To end this section on physiopathological mechanisms, Julie Dumonceaux (F) partly confirmed the results of Rossella Tupler by showing that the over expression of human or murine FRG1 by AAV gene transfer in the mouse causes a severe dystrophic phenotype. This shows that the disease can begin after birth and thus indicates a minor role for FRG1 over expression during embryonic development. She is currently developing shRNAs capable of destroying the excess FRG1 mRNA produced in pathological situations.

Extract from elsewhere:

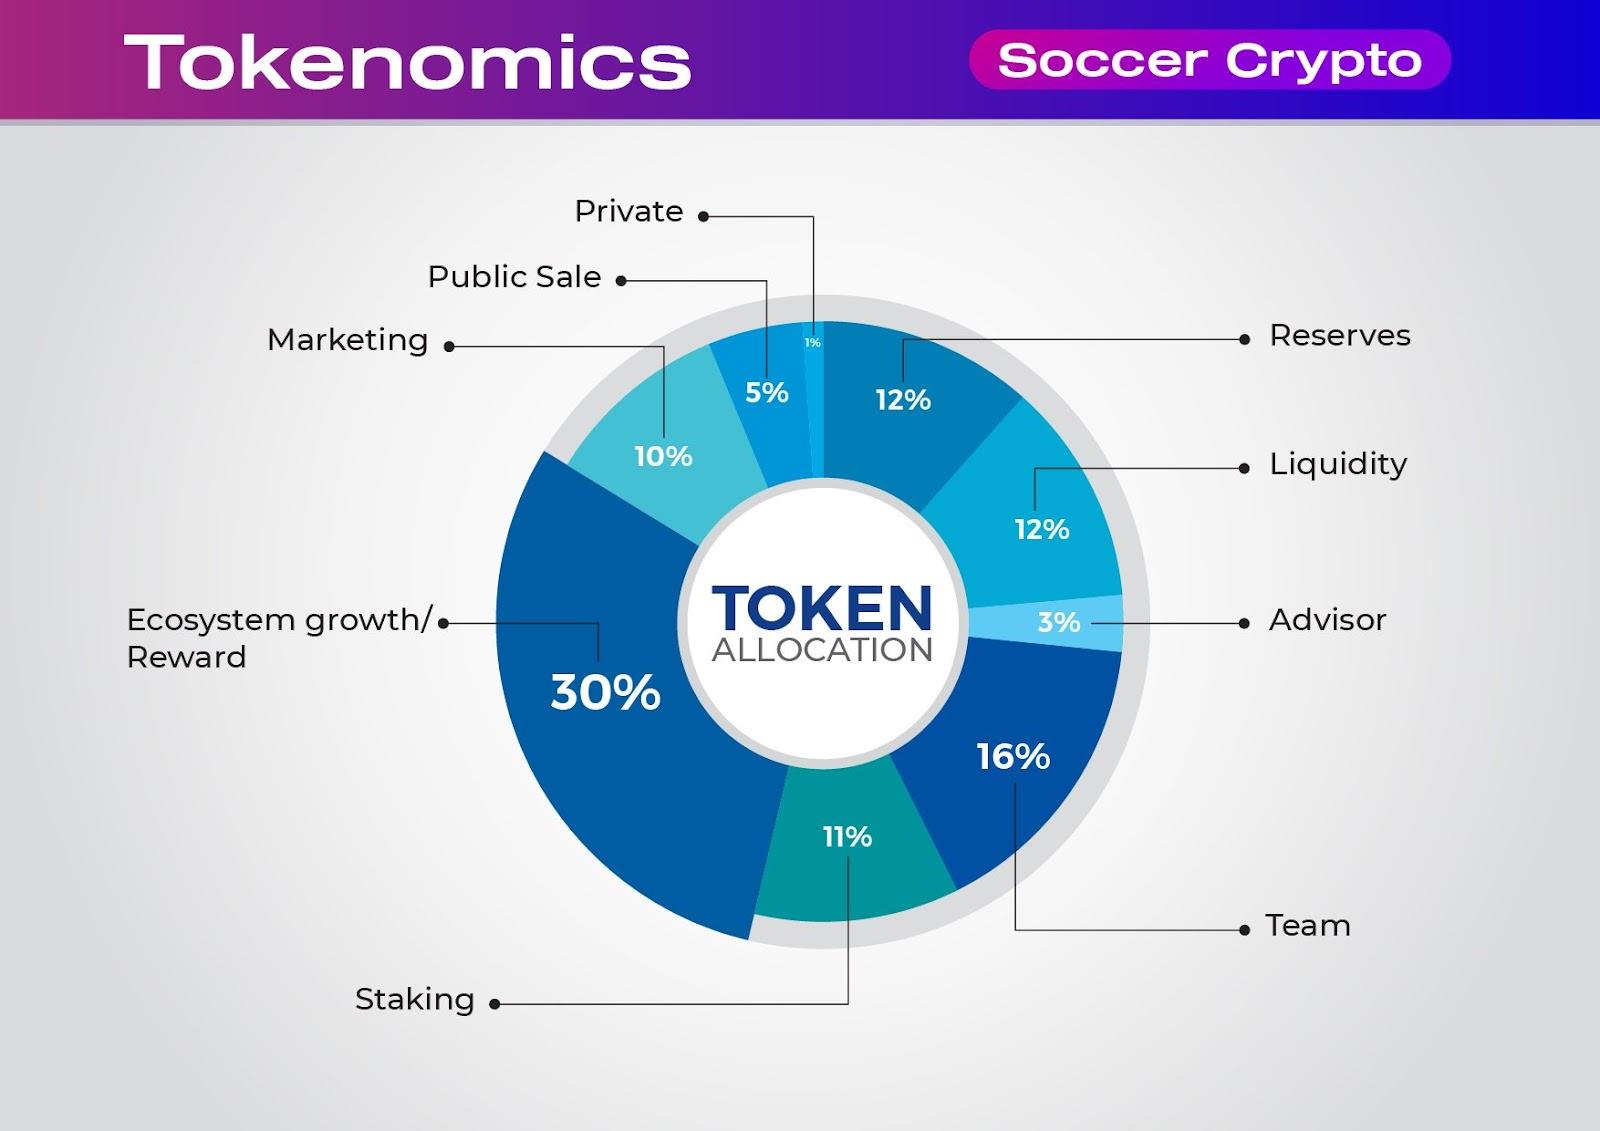 Soccer Crypto — потенциальный проект для фанатов футбола и блокчейна (Audit & KYC by SolidProof)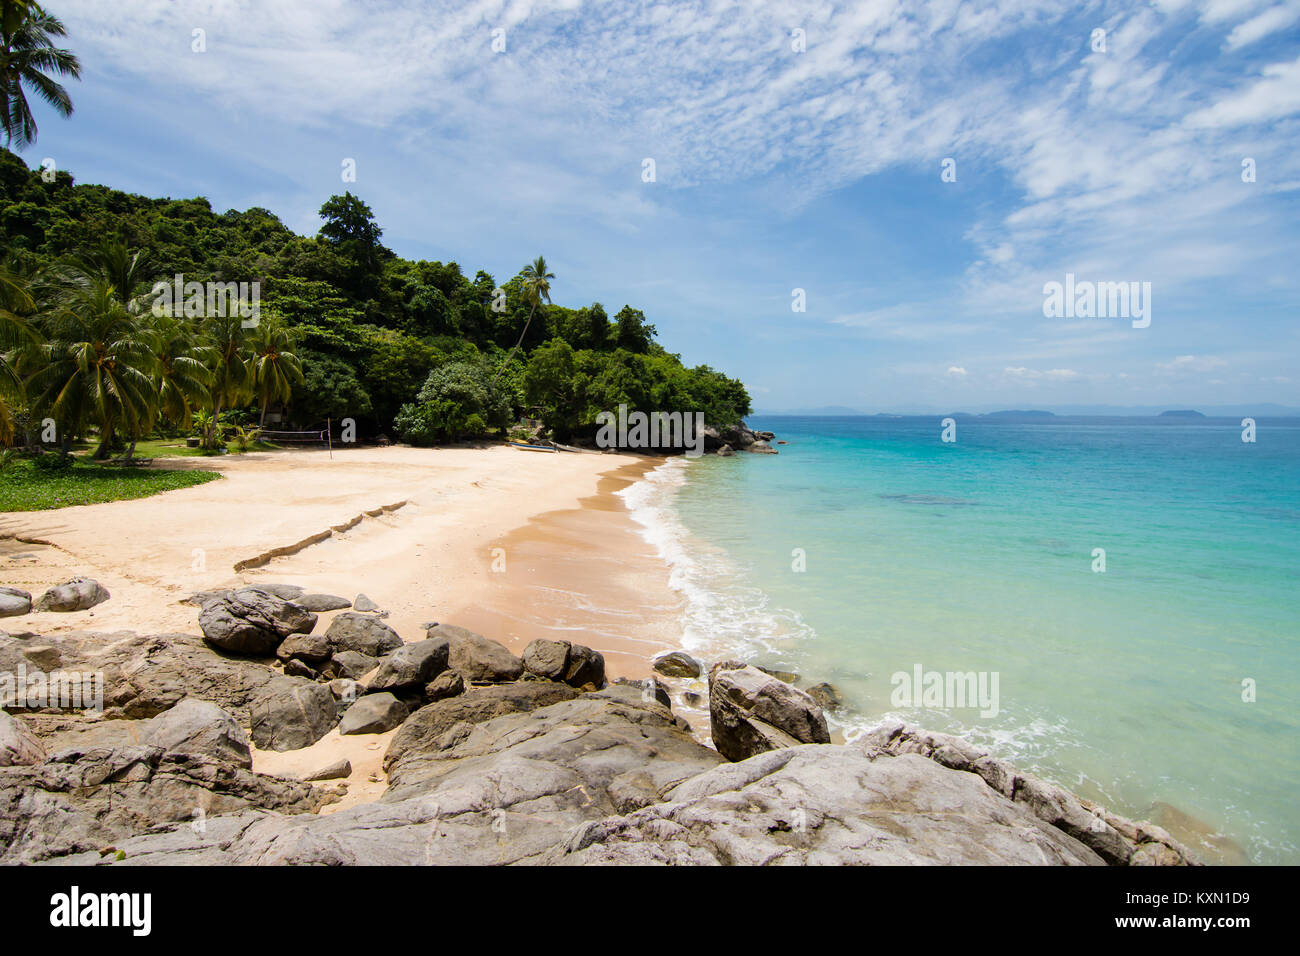 Le onde luminose di idilic turchese del mare incontra riparata piccola spiaggia di sabbia dorata su un Paradise Island. perhentian islands, Malaysia. Foto Stock

Chromatin modification : Yegor Vassetzky’s (F) research seemed to merge all of the proposed physiopathological hypothesis. The normal D4Z4 locus could act like a silencer by fixing to the nuclear envelope matrix. The neighbouring genes FRG1, FRG2, ANT1 and Dux4 will therefore be turned off. He also showed that the D4Z4 region contains an enhancer activated by the Kruppel like factor 15 (KLF15). D4Z4 contractions would render the silencer inoperative (i.e. more S/MAR (scaffold/matrix attached region) interactions with the nuclear matrix) and would expose the aforementioned neighbouring genes to the enhancer/KLF15.
Conclusion
Several proteins are now well characterized as being over expressed in FSHD patients. It is very likely that these proteins belong to the same cascade of events. In vitro, D4Z4 controls the FRG1 promoter (not the FRG2 promoter) and D4Z4 contractions induce over expression of Dux4. Finally, over expression of FRG1 in vivo, results in a muscular dystrophy similar to FSHD. A deregulation of FRG1 is thus sufficient to cause this pathology in the mouse. Furthermore, in these mice, over expression of ANT1 has been observed. It should be noted that deregulation of FRG2 is not possible because this gene does not exist in the mouse.
To finish, Claude Desnuelle (F) spoke about a phase I autologous myoblast transplantation clinical trial that he has initiated. Three patients have already been selected and no major side effects were observed six months after transplantation. Magnetic resonance imaging (MRI) and force tests are in progress.